Re: [PATCH 3/5] lib: lockless generic and arch independent page table (gpt) v2.

From: Linus Torvalds
Date: Thu Nov 13 2014 - 18:50:14 EST


On Mon, Nov 10, 2014 at 3:53 PM, Linus Torvalds
<torvalds@xxxxxxxxxxxxxxxxxxxx> wrote:
>
> So I am fine with that, it's the details that confuse me. The thing
> doesn't seem to be generic enough to be used for arbitrary page
> tables, with (for example) the shifts fixed by the VM page size and
> the size of the pte entry type. Also, the levels seem to be very
> infexible, with the page table entries being the simple case, but then
> you have that "pdep" thing that seems to be just _one_ level of page
> directory.

Ok, so let me just put my money where my mouth is, and show some
example code of a tree walker that I think is actually more generic.
Sorry for the delay, I got distracted by other things, and I wanted to
write something to show what I think might be a better approach.

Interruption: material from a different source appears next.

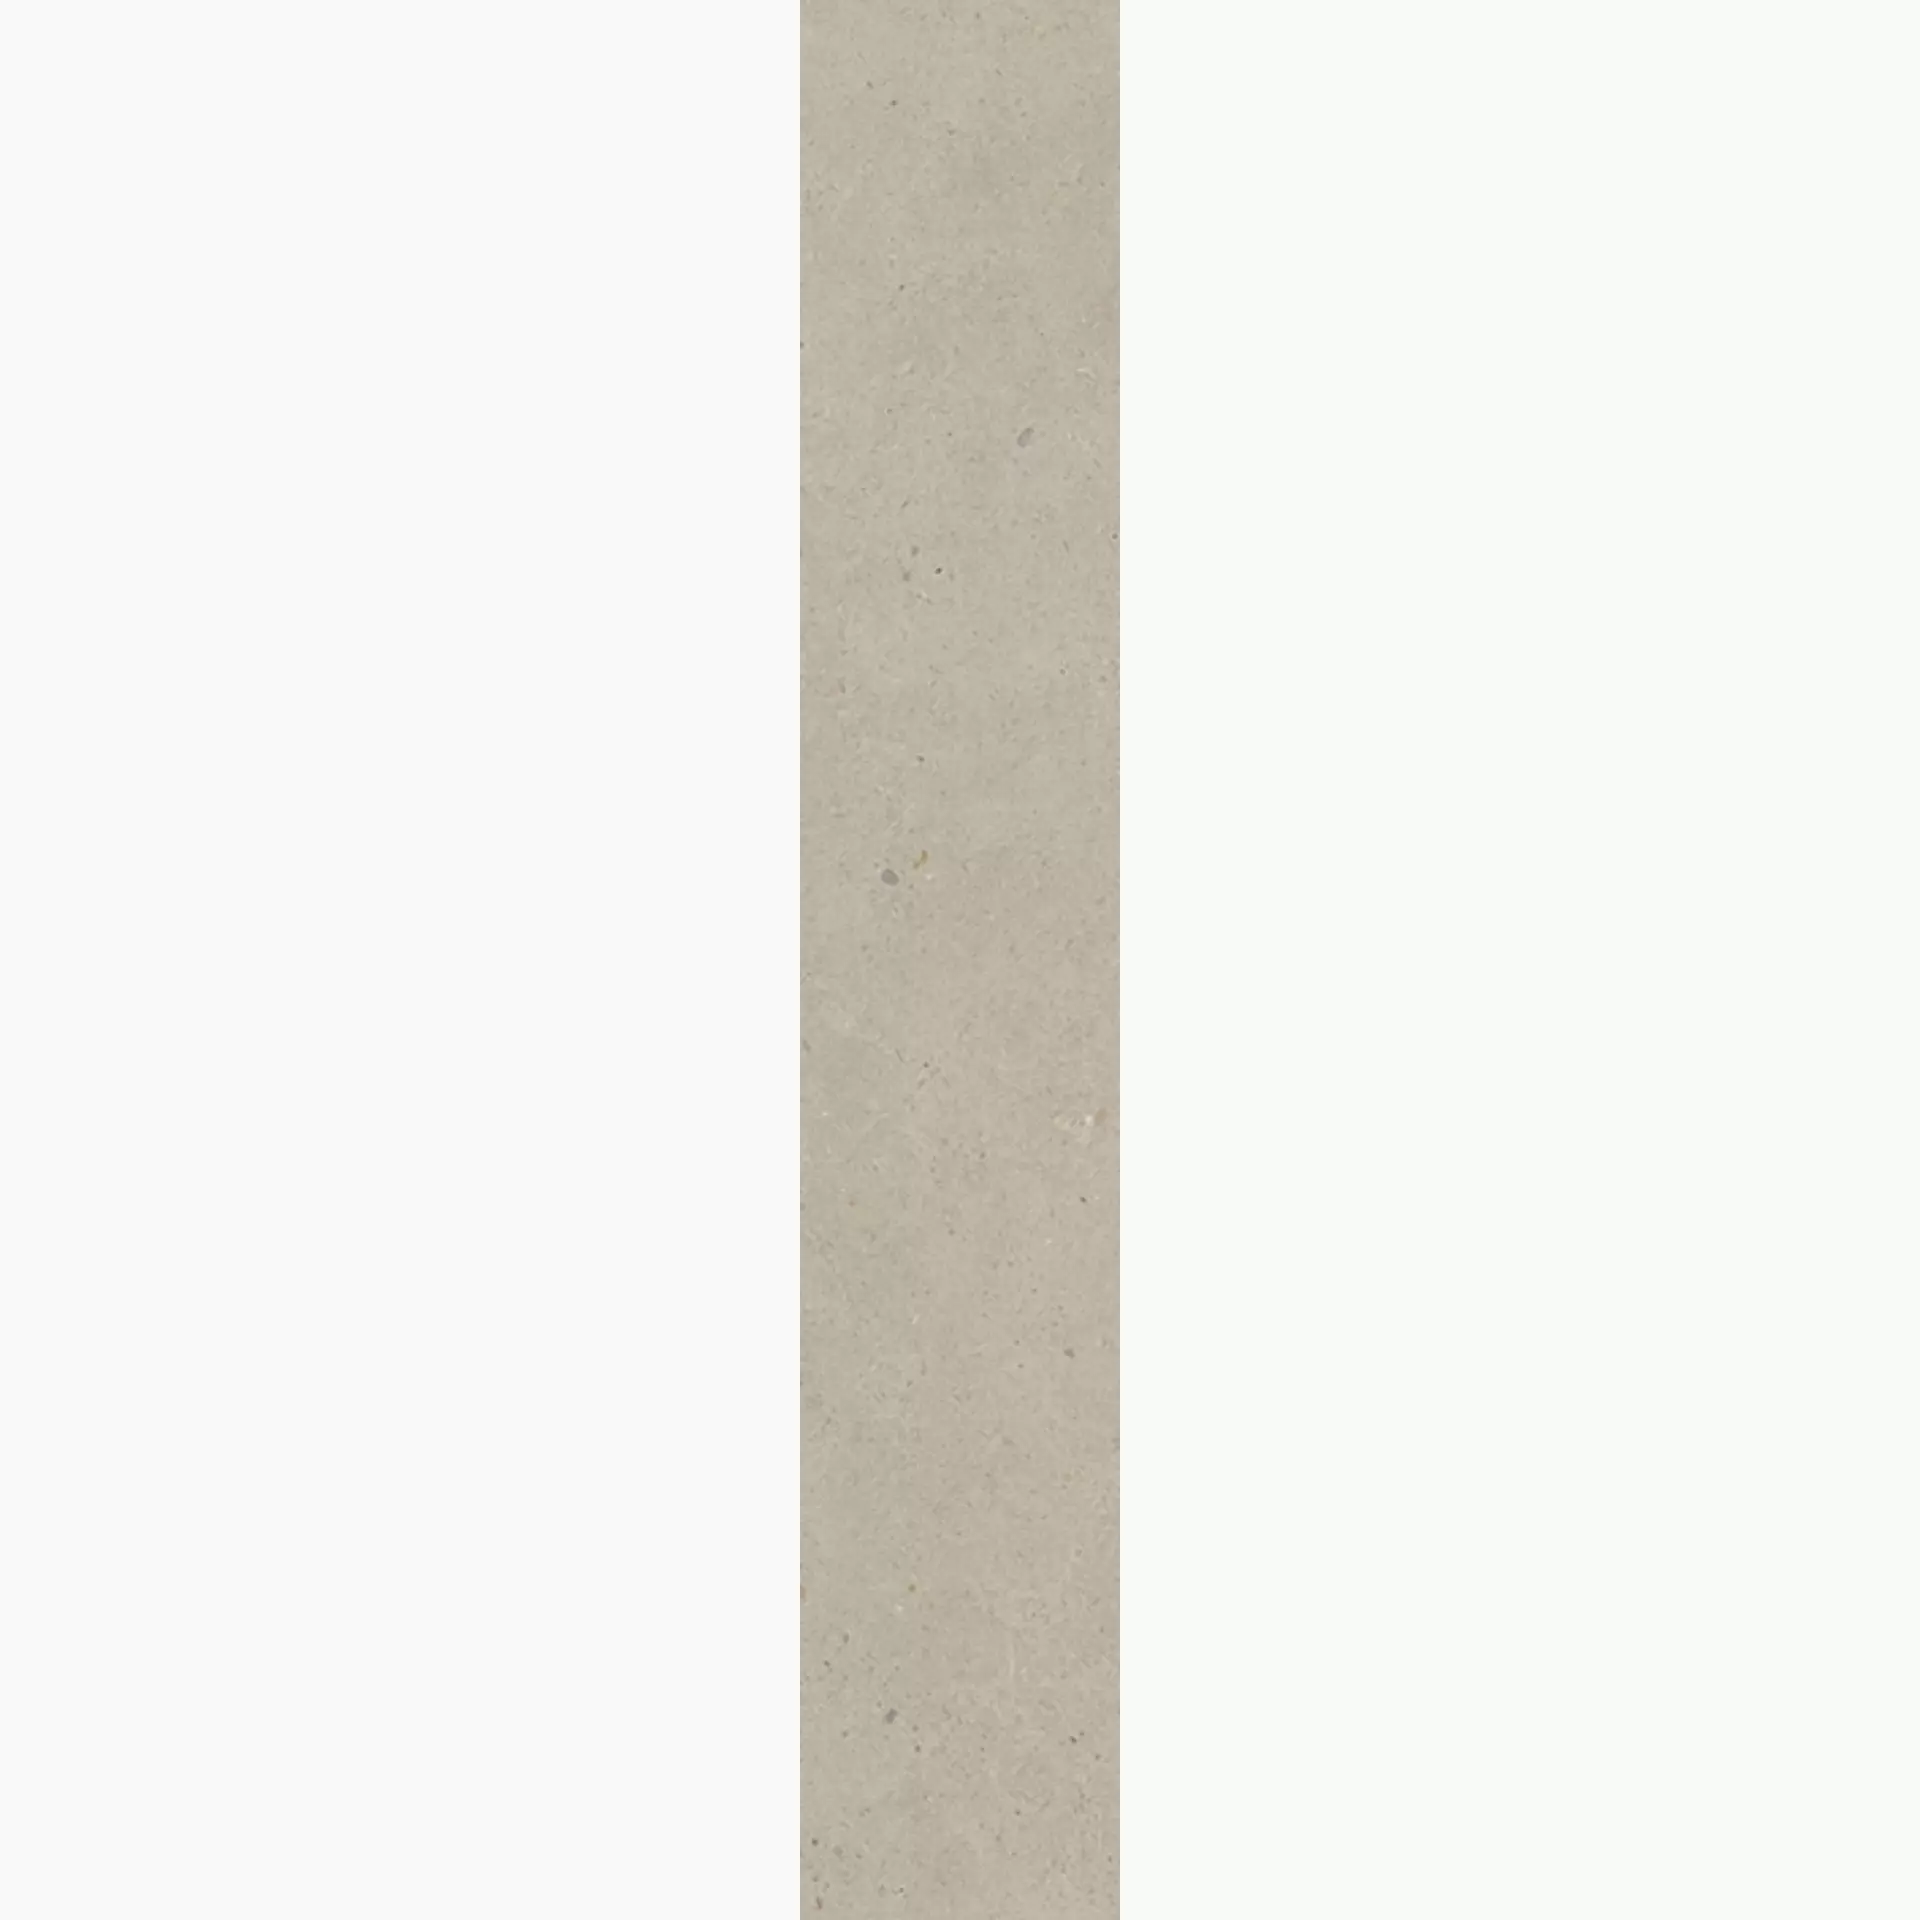 Wandfliese,Bodenfliese Villeroy & Boch Solid Tones Warm Concrete Matt Warm Concrete 2417-PC70 matt 10x60cm rektifiziert 10mm

NOTE NOTE NOTE! I'm not saying you have to do it this way. But before
I even show the patch, let me show you the "tree descriptor" from my
stupid test-program that uses it, and hopefully that will show what
I'm really aiming for:

struct tree_walker_definition x86_64_def = {
.total_bits = 48,
.start = 0,
.end = 0x7fffffffffff,
.levels = {
{ .level_bits = 9, .lookup = pgd_lookup },
{ .level_bits = 9, .lookup = pud_lookup },
{ .level_bits = 9, .lookup = pmd_lookup },
{ .level_bits = 9, .walker = pte_walker }
}
};

so basically, the *concept* is that you can describe a real page table
by actually *describing* it. What the above does is tell you:

- the amount of bits the tables can cover (48 is four levels of 9
bits each, leaving 12 bits - 4096 bytes - for the actual pages)

- limit the range that can be walked (this isn't really all that
important, but it does, for example, mean that the walker will
fundamentally refuse to give access to the kernel mapping)

- show how the different levels work, and what their sizes are and
how you look them up or walk them, starting from the top-most.

Anyway, I think a descriptor like the above looks *understandable*. It
kind of stands on its own, even without showing the actual code.

Now, the code to actually *walk* the above tree looks like this:

struct tree_walker walk = {
.first = 4096,
.last = 4096*512*3,
.walk = show_walk,
.hole = show_hole,
.pre_walk = show_pre_walk,
.post_walk = show_post_walk,
};

walk_tree((struct tree_entry *)pgd, &x86_64_def, &walk);

ie you use the "walk_tree()" function to walk a particular tree (in
this case it's a fake page table directory in "pgd", see the details
in the stupid test-application), giving it the tree definition and the
"walk" parameters that show what should happen for particular details
(quite often hole/pre-walk/post-walk may be NULL, my test app just
shows them being called).

Now,. in addition to that, each tree description obviously needs the
functions to show how to look up the different levels ("lookup" for
moving from one level to another, and "walker" for actually walking
the last level page table knowing how "present" bits etc work.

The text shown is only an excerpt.